Per esempio in un incontro di pugilato, si fa per dire, in cui il protagonista è Rocky, nonostante i colpi tremendi che prende  nei vari match per esigenze di copione, alla fine il nostro Balboa riesce sempre a riprendersi e addirittura a vincere gli incontri perché mostra di essere “resiliente”.

In effetti gli esseri viventi, dai singoli individui alle comunità delle piante, degli animali e degli uomini, sono tutti entità resilienti per definizione.

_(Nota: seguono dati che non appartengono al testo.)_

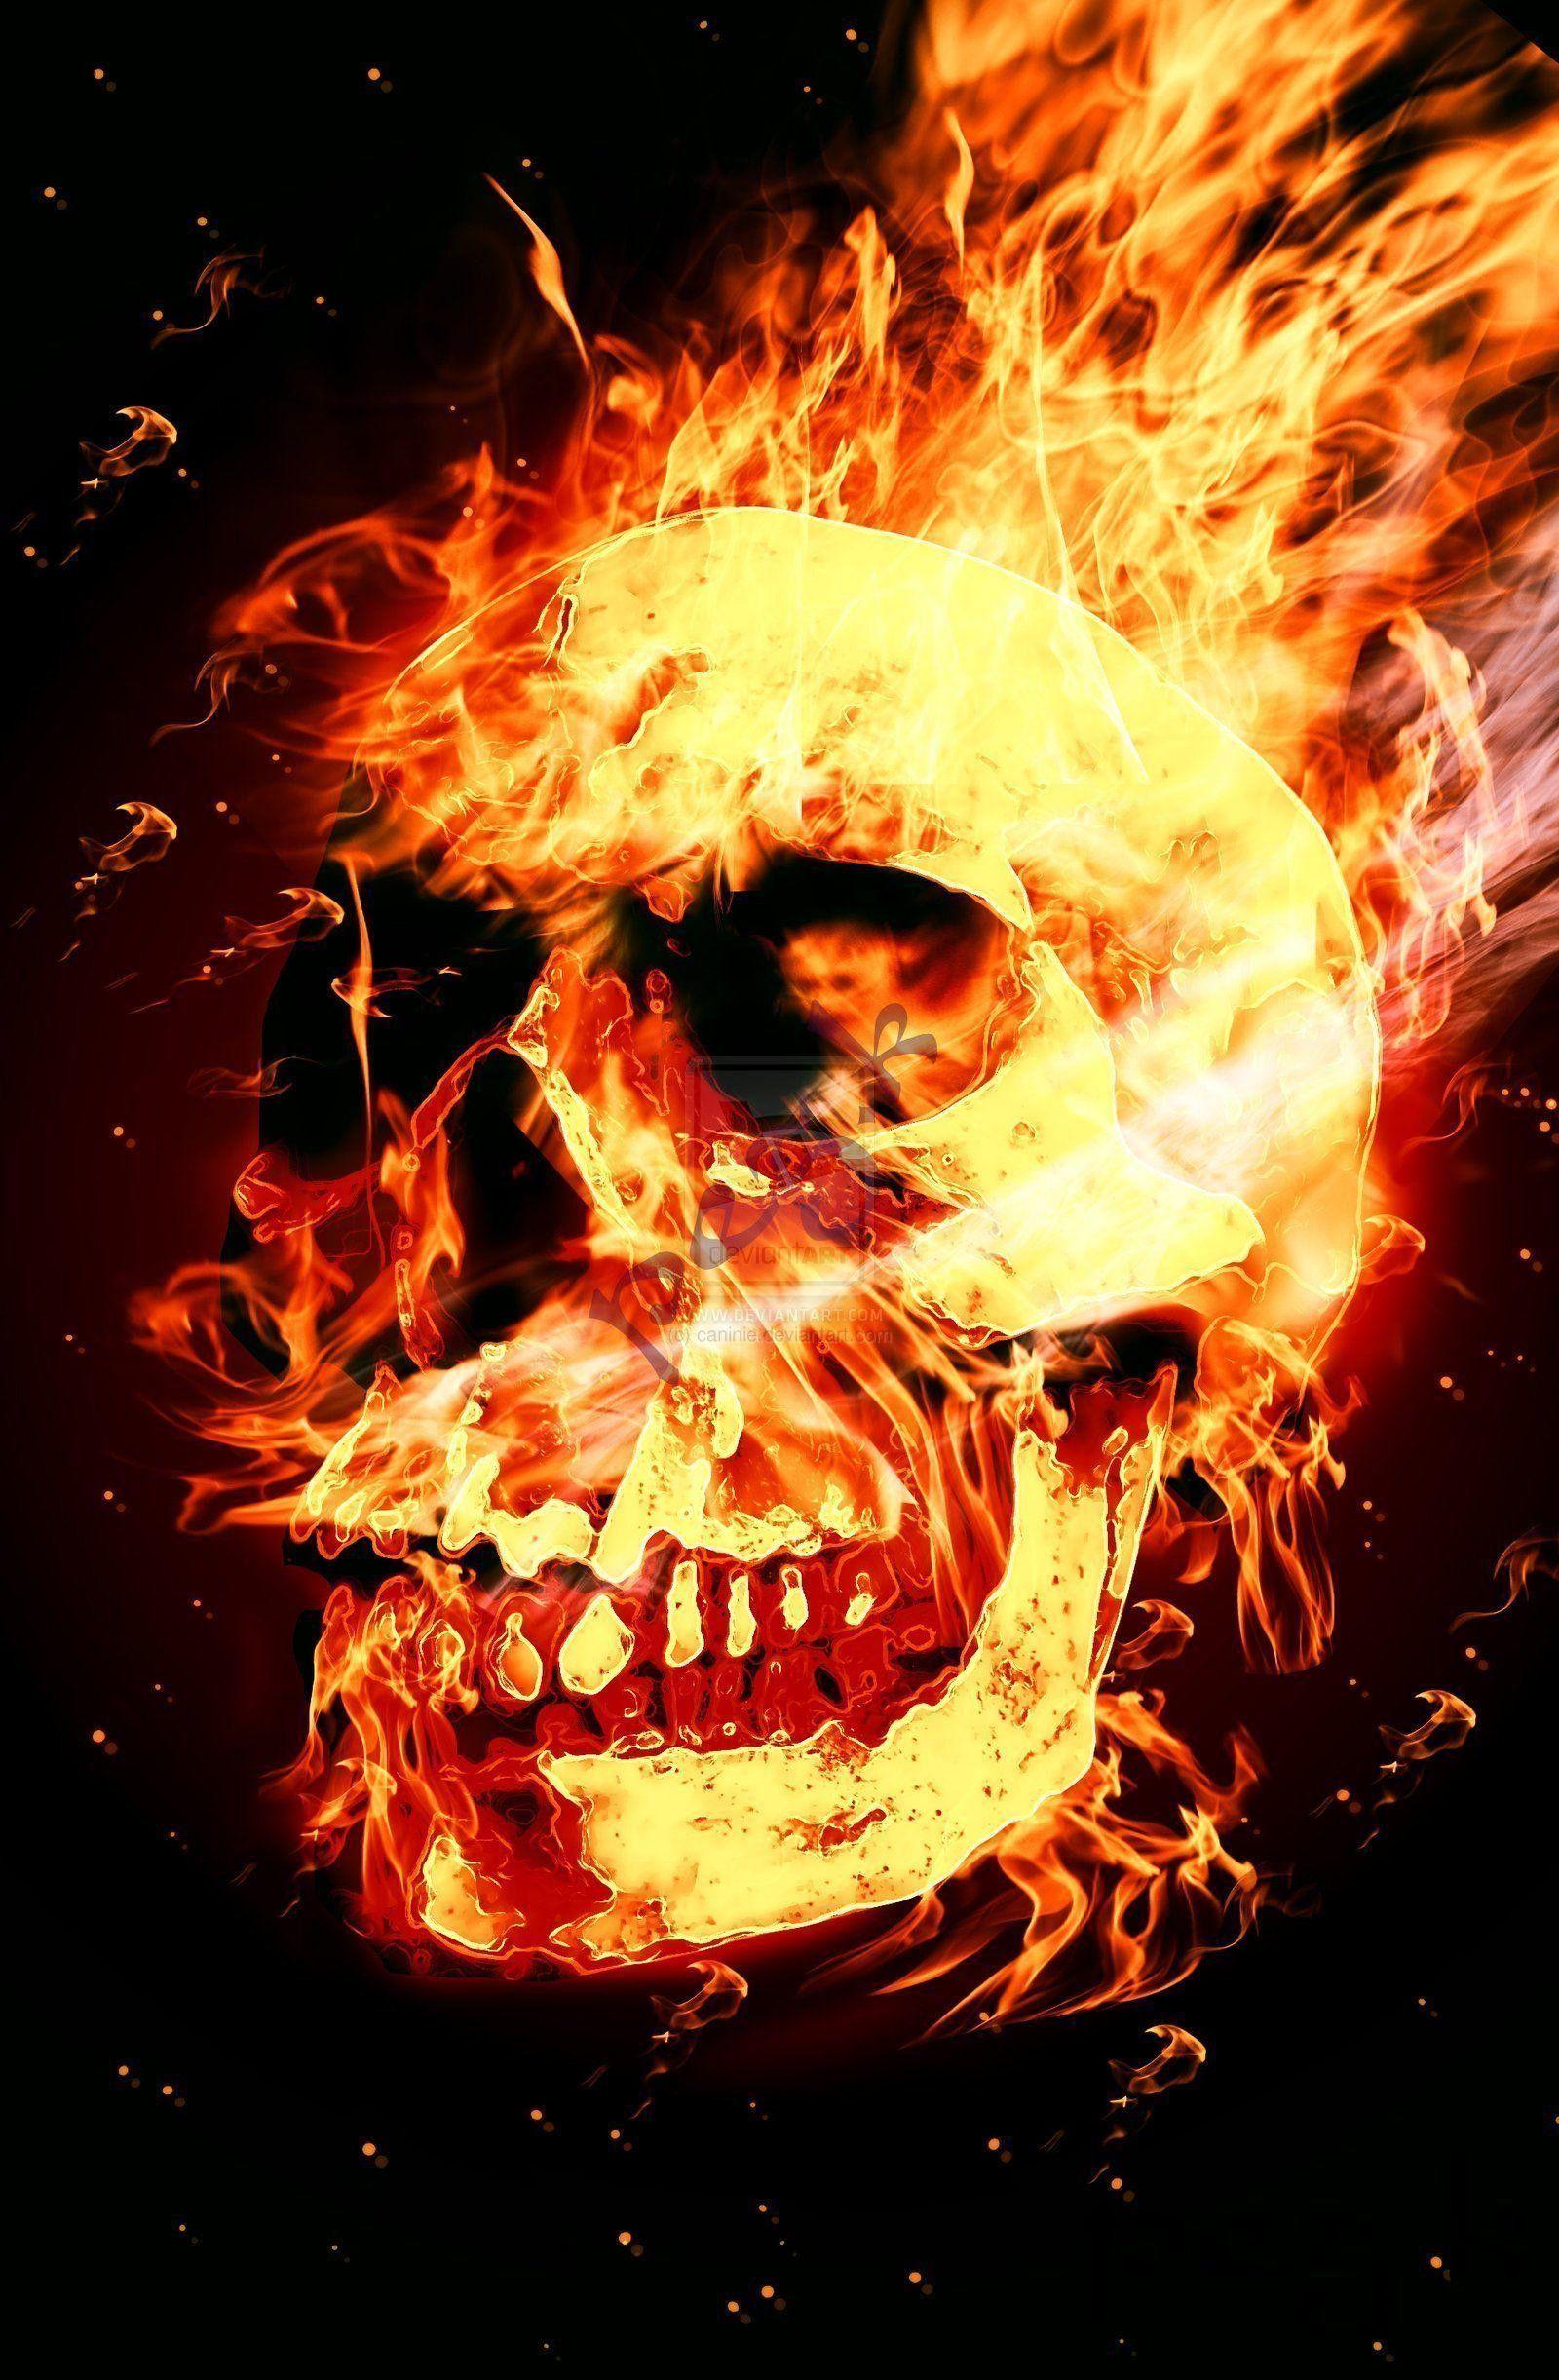 Flaming Skull Skull Wallpaper Skull Fire Skull
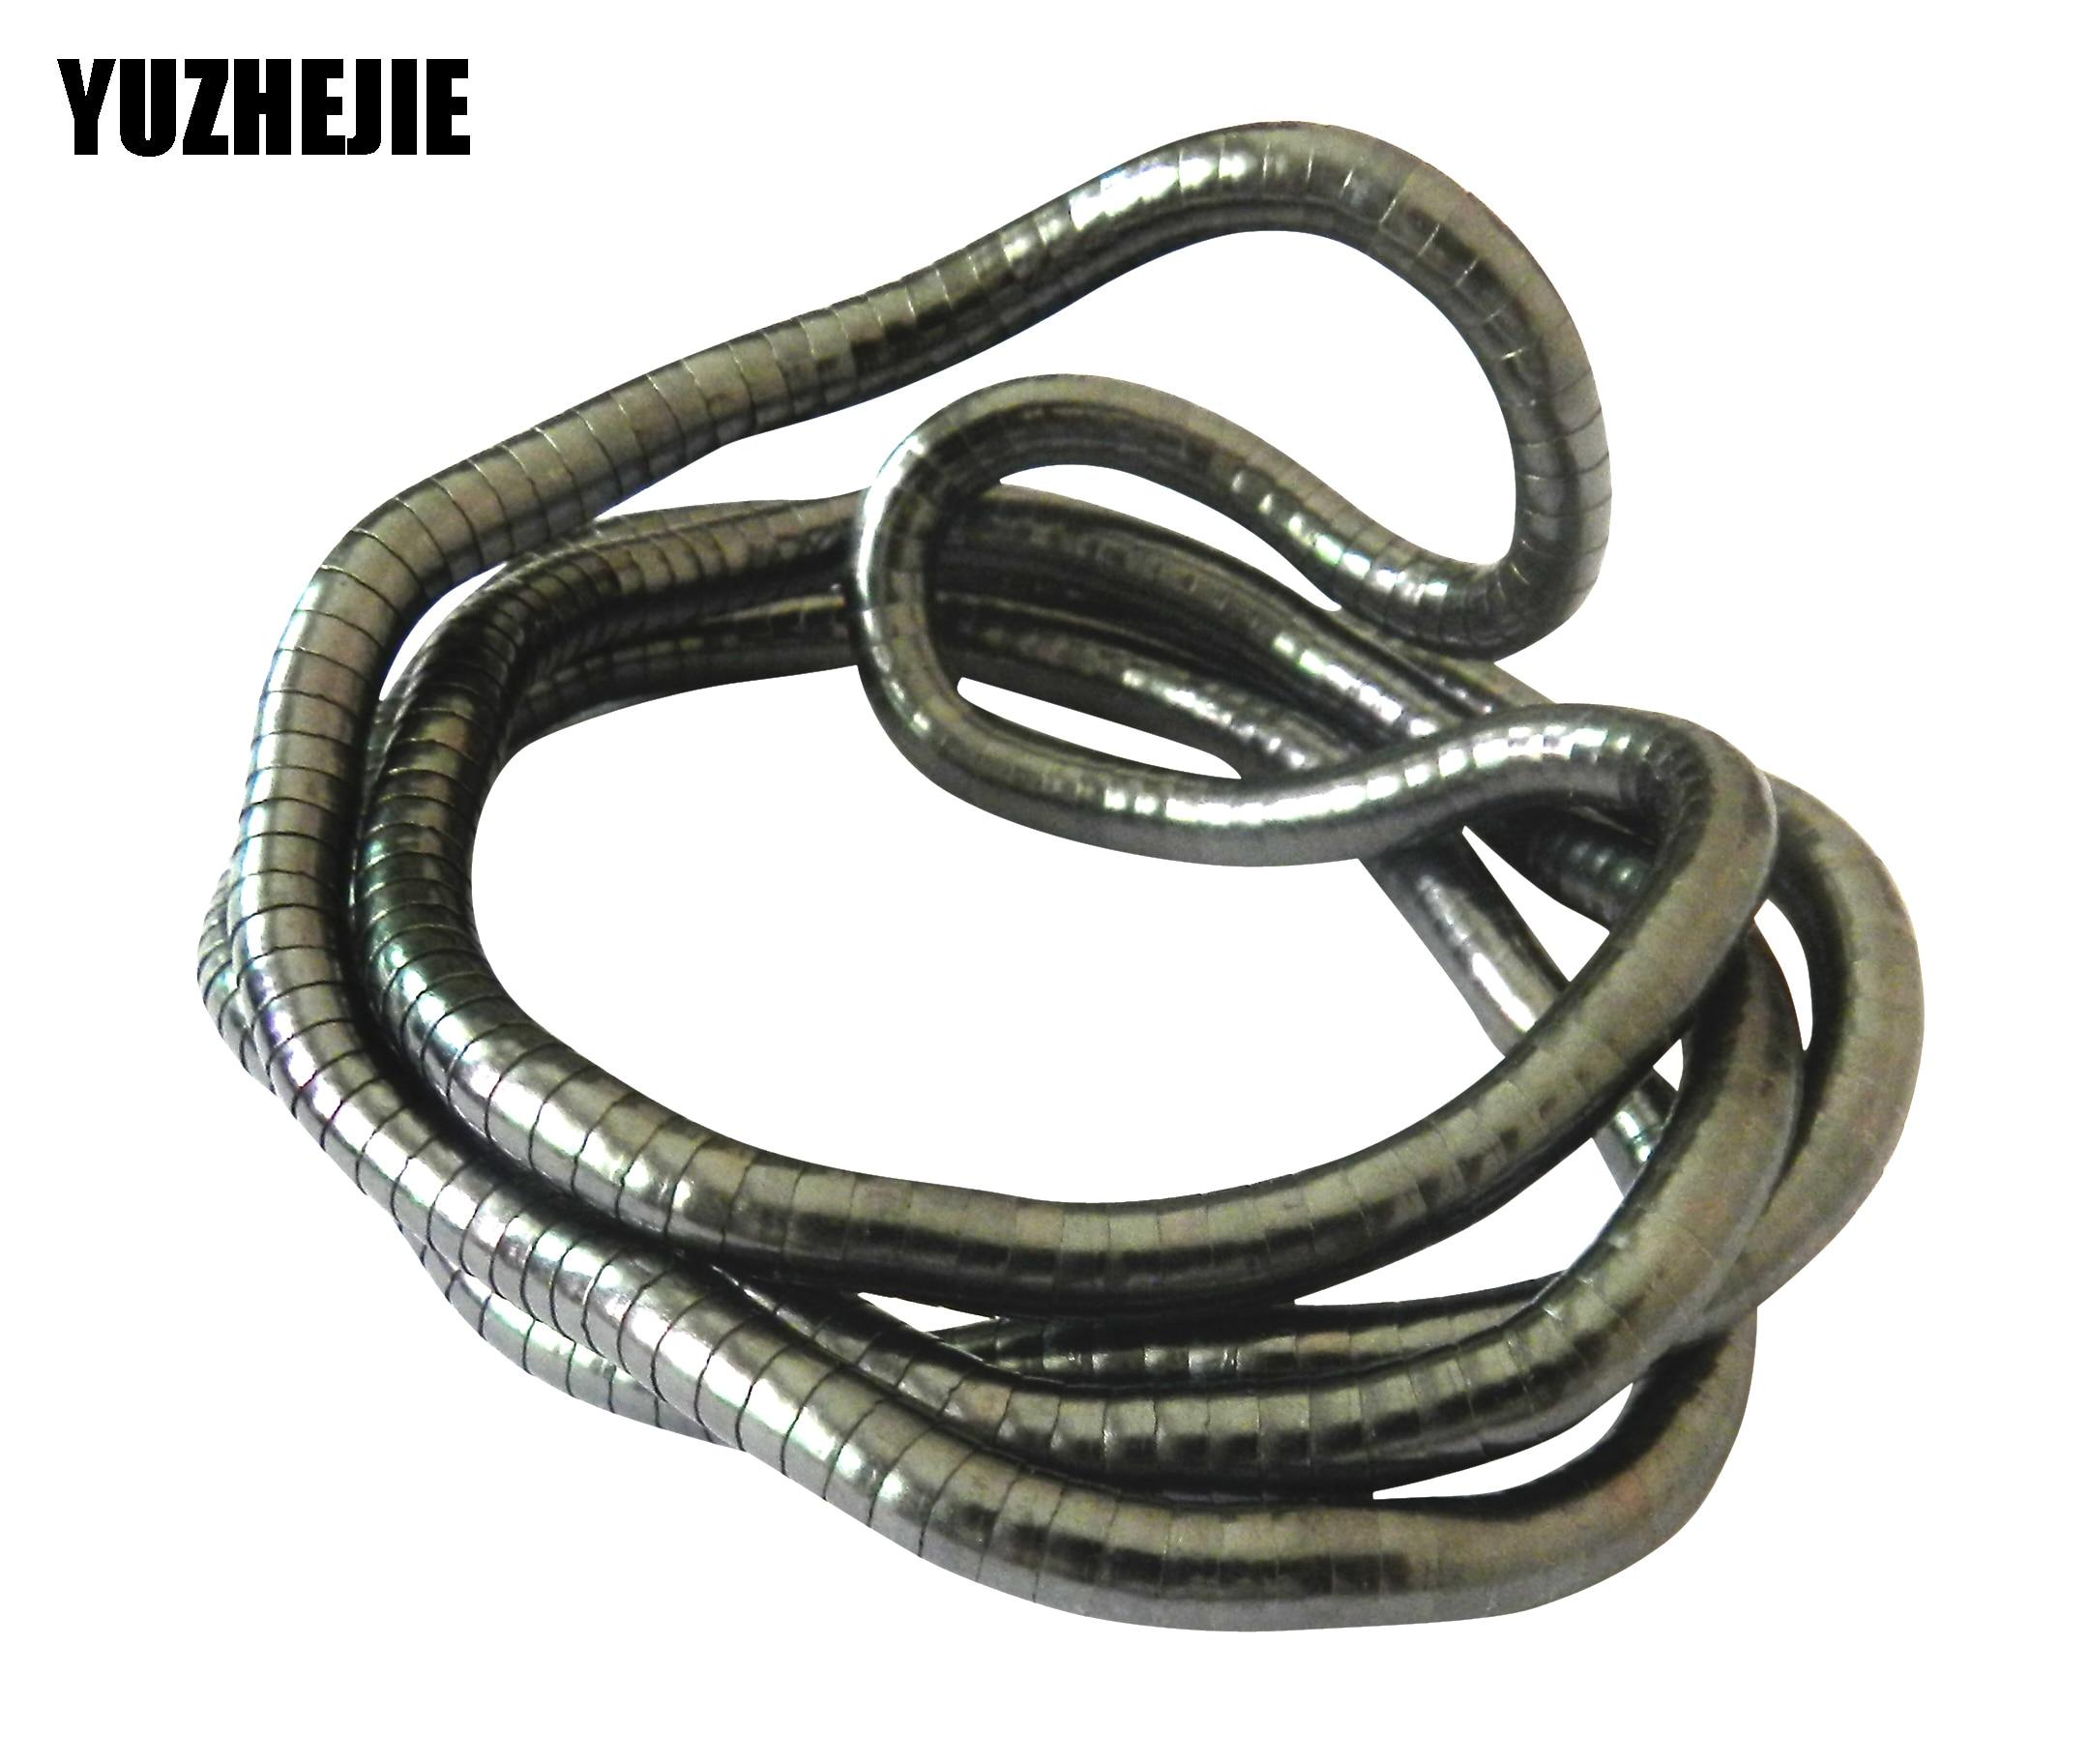 ¡YUZHEJIE 2018 nueva prisa! Collar retorcido de 900mm de longitud, cadena de serpiente Flexible, collares de joyería

L’esempio di maggiore resilienza risiede proprio nelle comunità delle piante, come i boschi e  le foreste, che sono state capaci con la loro presenza sulla terra di determinare le condizioni necessarie alla formazione della biosfera e quindi alla nascita e allo sviluppo della vita.

 

Infatti, a differenza degli animali e in particolare degli uomini, come ci ricorda Stefano Mancuso, le piante sono sistemi non gerarchici che hanno la propria intelligenza distribuita dappertutto, dalle radici alla chioma costituita da rami e foglie, e questo ha reso possibile il loro lungo viaggio fino ad arrivare a colonizzare i recessi più remoti del pianeta.

Gli animali, e noi uomini tra questi, hanno invece l’intelligenza qui considerata semplicemente come “organismo o luogo del controllo e delle decisioni” principalmente in una parte del corpo, ovvero nel cervello e nella mente. Senza approfondire la questione che ci porterebbe lontano dal nostro focus, in questa sede ci limitiamo a constatare che gli esseri viventi del mondo animale vivono nell’equilibrio tra energia ed entropia e da questo equilibrio, naturalmente instabile, ne dipende la resilienza. Si tratta, appunto, di un equilibrio instabile che va sempre curato con la  massima attenzione e da cui dipende la vita.

L’organismo vive e si sviluppa fino a quando immettiamo sufficiente energia in esso e il corpo è in grado di assimilarla e trasformarla. Quando la quantità di energia immessa non è più sufficiente a bilanciare i fenomeni degenerativi comunque insiti nell’organismo, prevale l’entropia che equivale a quanto visto nel succitato diagramma di Hooke. Da quel momento le deformazioni incominciano a divenire permanenti e non si è più in grado di tornare alle condizioni iniziali, possono intervenire malattie che saranno curate con i farmaci, gli antibiotici e quanto ci proviene dalla medicina e questo ci permetterà di continuare a vivere ancorché con gli acciacchi del caso, ma nel proseguo arrivano immancabilmente complicazioni di ogni tipo e ci si avvia con sufficiente regolarità verso l’irreversibilità della morte.

Si comprende allora che è meglio fare sempre tutto e di più per continuare a vivere in un ecosistema integrato, sostenibile e resiliente: è questo che ci permette di vivere e permette alle comunità viventi di sopravvivere e svilupparsi.